Here $n=1$ of course and the middle position of the degree sequence is $3$ - and we see the sequence of $(3,3,\color{red}{2},1,1)$.

Answer 2

Let $G$ be a self-complementary graph of order $4n+1$ and let $\sigma:G\to\overline G$ be an isomorphism. Since $G$ and $\overline G$ have the same vertex set $V,$ $\sigma$ is a permutation of $V,$ an anti-automorphism of $G,$ mapping edges of $G$ to edges of $\overline G$ and vice versa.

Consider the cycle decomposition of the permutation $\sigma.$ (Note that we are using the word "cycle" in the group theory sense, not the graph theory sense!) Each nontrivial cycle of $\sigma$ must be of even length, since edges of $G$ alternate with edges of $\overline G$ as we go around the cycle. Since $|V|$ is even, $\sigma$ must have a $1$-cycle, i.e., a fixed point. (It's clear that the fixed point is unique, but we don't need that.)

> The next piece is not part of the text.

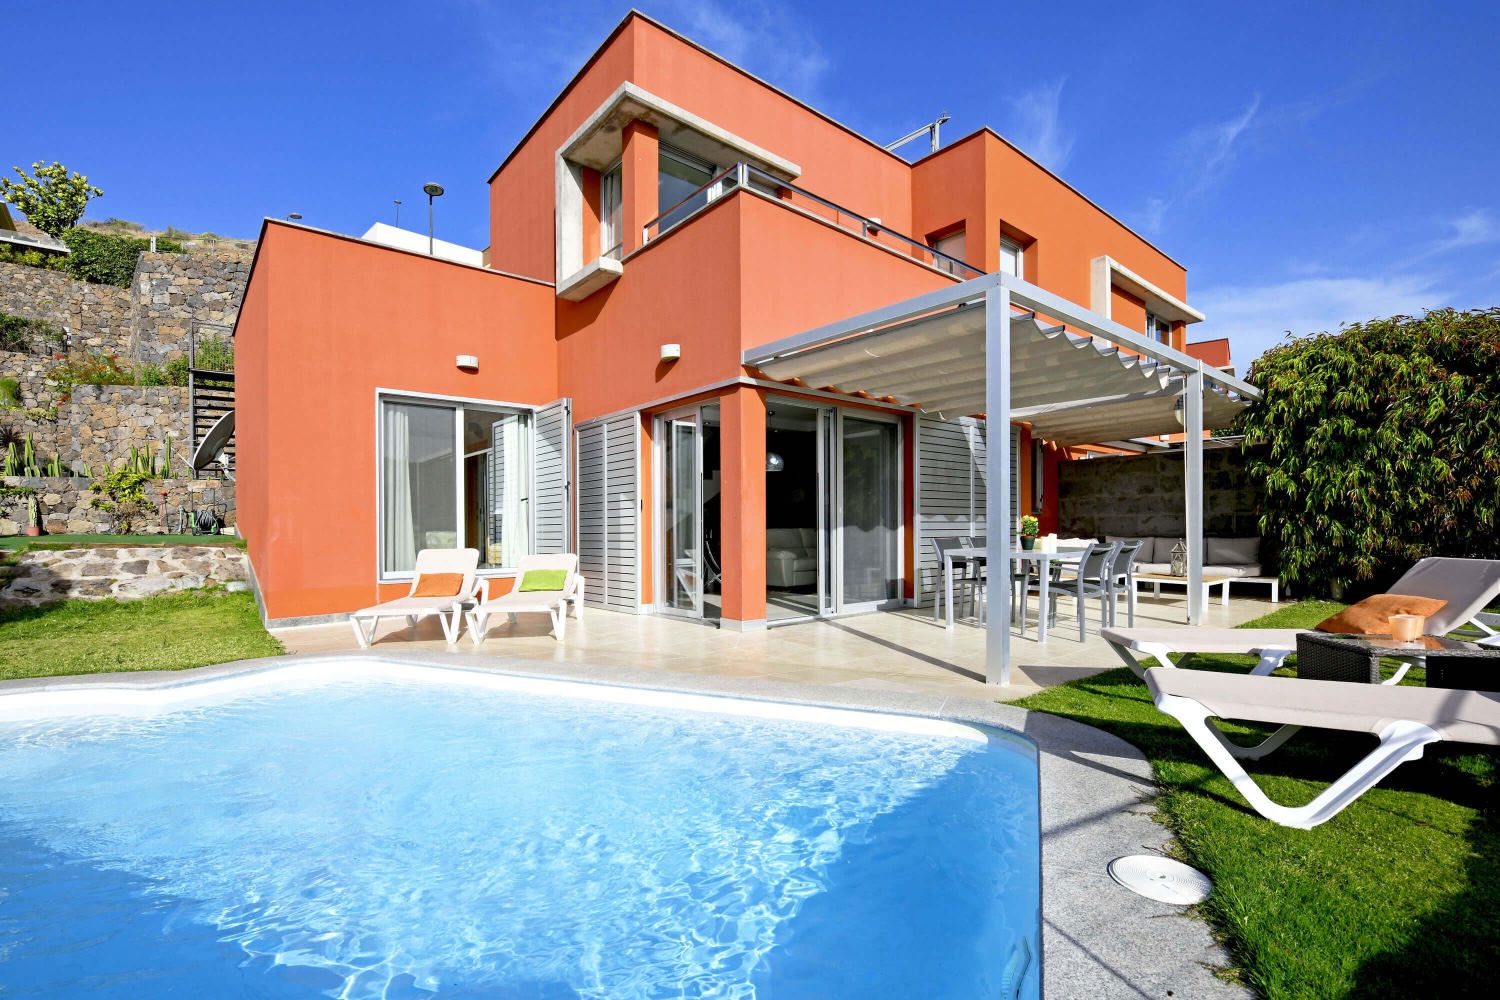 Casa elegantemente arredata con piscina privata riscaldata in una posizione privilegiata in prima linea sul campo da golf

Let $v$ be a fixed point of $\sigma.$ Since $\sigma$ is an isomorphism between $G$ and $\overline G,$ we must have $\deg_G(v)=deg_{\overline G}(v).$ Since $\deg_G(v)+\deg_{\overline G}(v)=4n,$ it follows that $\deg_G(v)=\deg_{\overline G}(v)=2n.$

P.S. It's also easy to see that the length of a nontrivial cycle of $\sigma$ is not only even, it's a multiple of $4;$ and if one vertex in a cycle has degree $2n,$ then all vertices in that cycle have degree $2n.$ Since $\sigma$ has a unique fixed point, it follows that the number of vertices of degree $2n$ is congruent to $1$ modulo $4.$

Examples. There are two self-complementary graphs of order $5.$ One of them is $C_5,$ which has five vertices of degree $2;$ the other is homeomorphic to the letter A and has one vertex of degree $2.$